Itati, I would be very very upset to hear my 4yr old DD say that. We have had a few similar little episodes, and she is usually very surprised to hear that it is a bad word, not to be used. If used again, loss of privileges result. I understand that she knows that 'I hate you' is hurtful, but agree that 'That's a pity, because I love you so much' is the perfect response. No need to think too much of this though, just treat it as any other little transgression!

squeaver · 26/06/2008 18:39

itati - I'm sorry to hear you're finding it all so hard at the moment. I don't have any advice on the swearing front other than to tell you that my dd went through a few days of saying fuck when she wasn't even 2 and now says things like "I can't get this bloody jigsaw to work". Just ignoring is hard but I'm sure that;s the best thing to do.
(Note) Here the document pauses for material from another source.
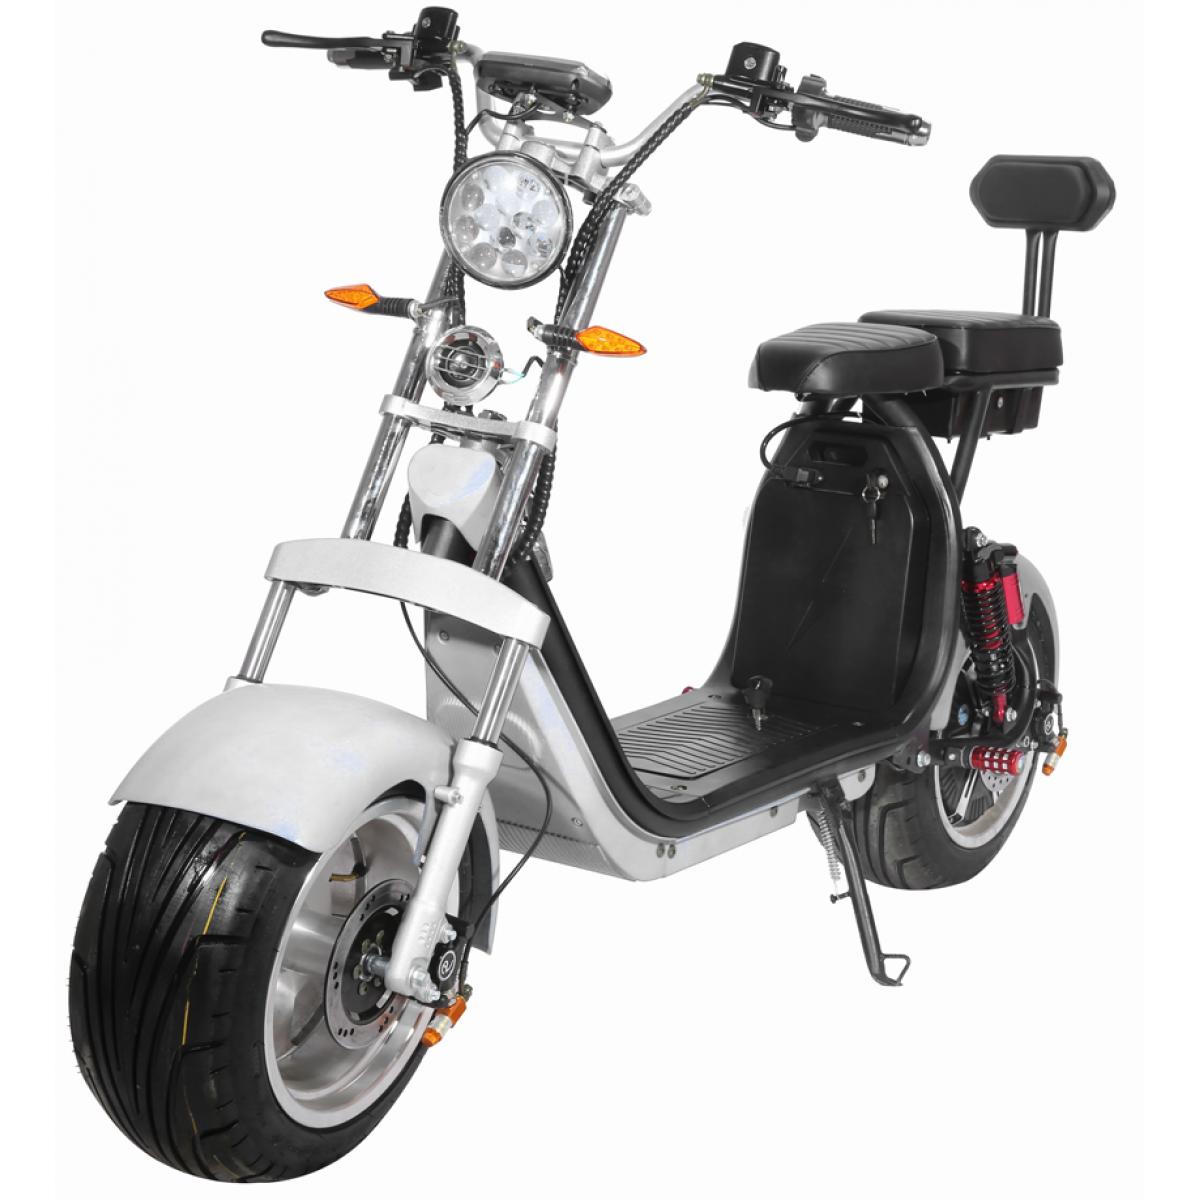 Moto Elétrica RideMode ECO 3000w, Aluminium, White, EM-03-BW

What I really wanted to say is - honestly people are not criticising you or your parenting style. There are so many people on Mn who have been through what you're going through. They can help.
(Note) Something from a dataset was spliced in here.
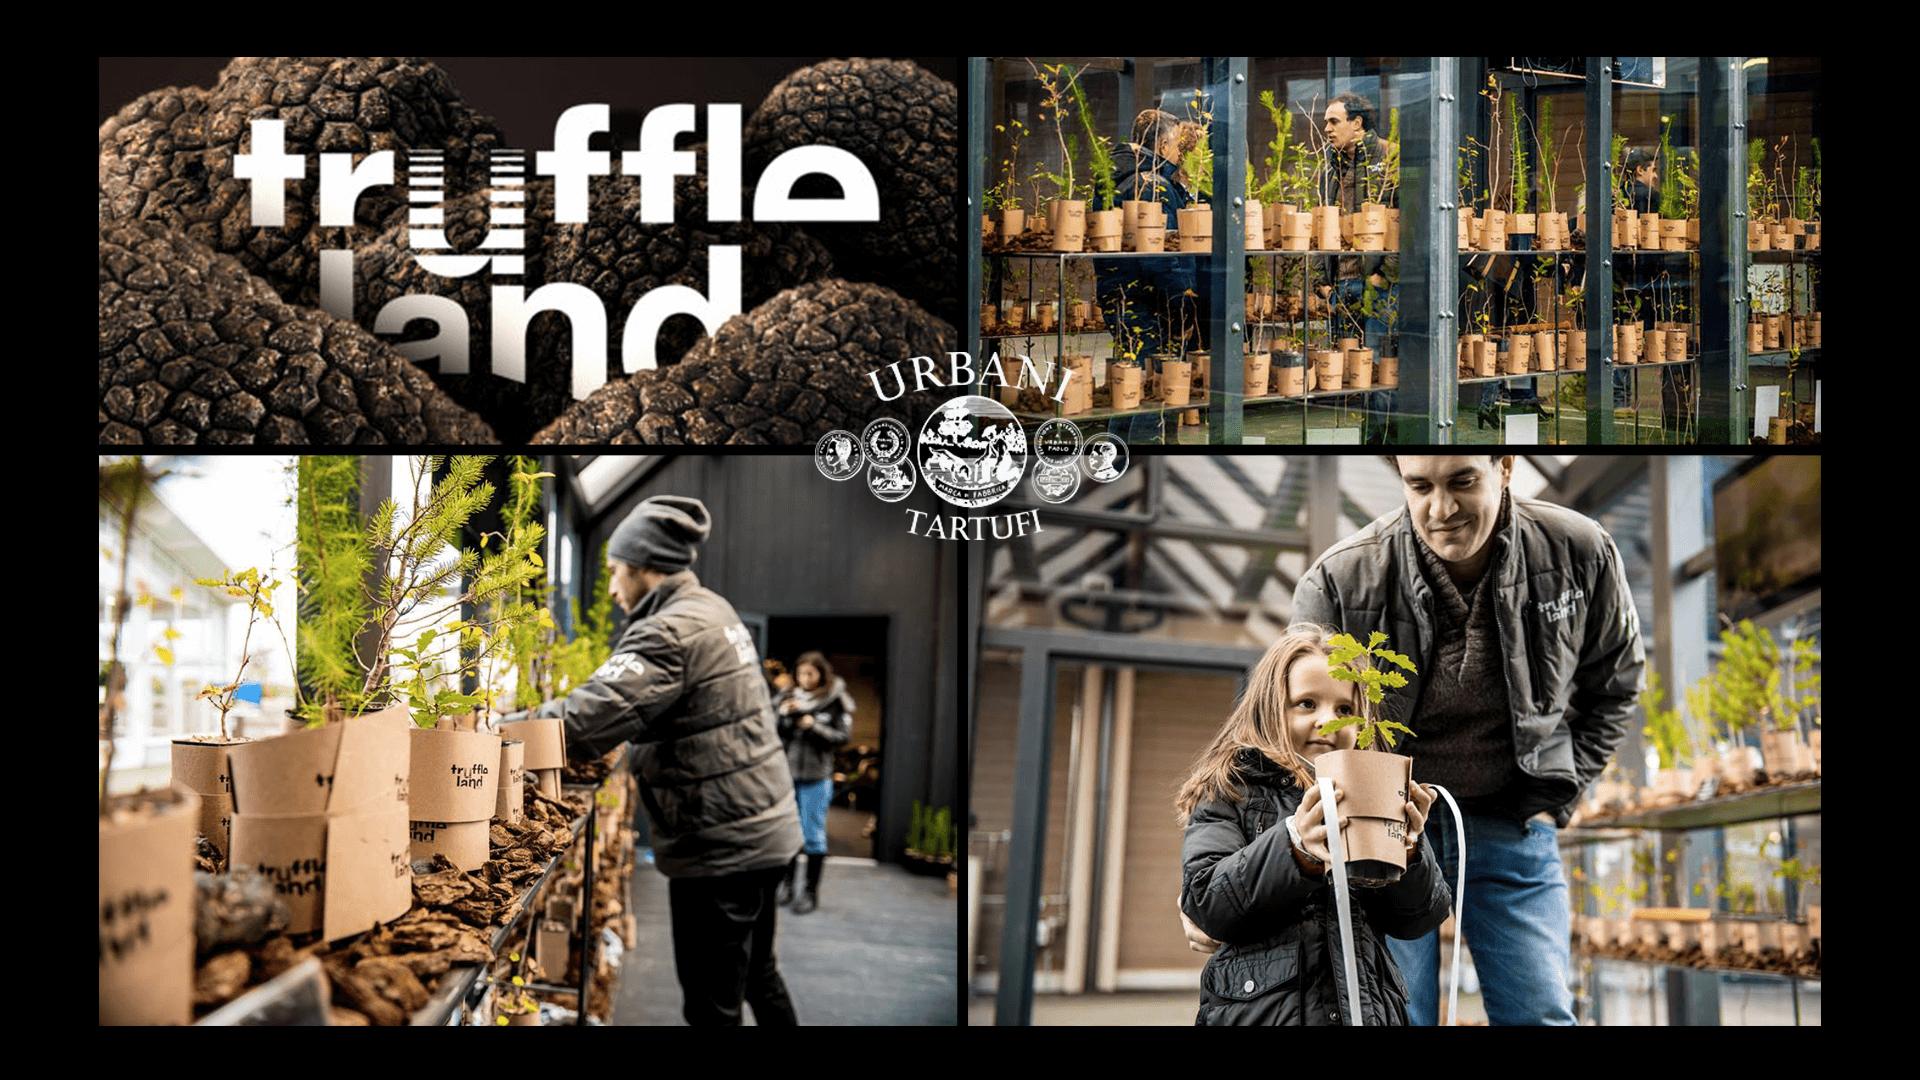 """urbani-tartufi""-la-tartuficultura-del-futuro-truffleland-truffleco.th"

herewegoagain02 · 26/06/2008 19:13

I remember my then 6 year old dd coming in from play, sitting at the dinner table, joining in the general conversation and then saying "so and so says that he's not doing his f*ing homework"! I nearly dropped my knife and fork whilst choking on something, but once I'd recovered I asked her if that was what he'd actually said, it was, so I explained that it's a very nasty word and she wasn't to repeat it again. Dd is 11 now and she certainly hasn't said it again in my presence, but I think that I would be niave to think she hasn't said it amongst friends, but they do pick things up from other children and adults unfortunately.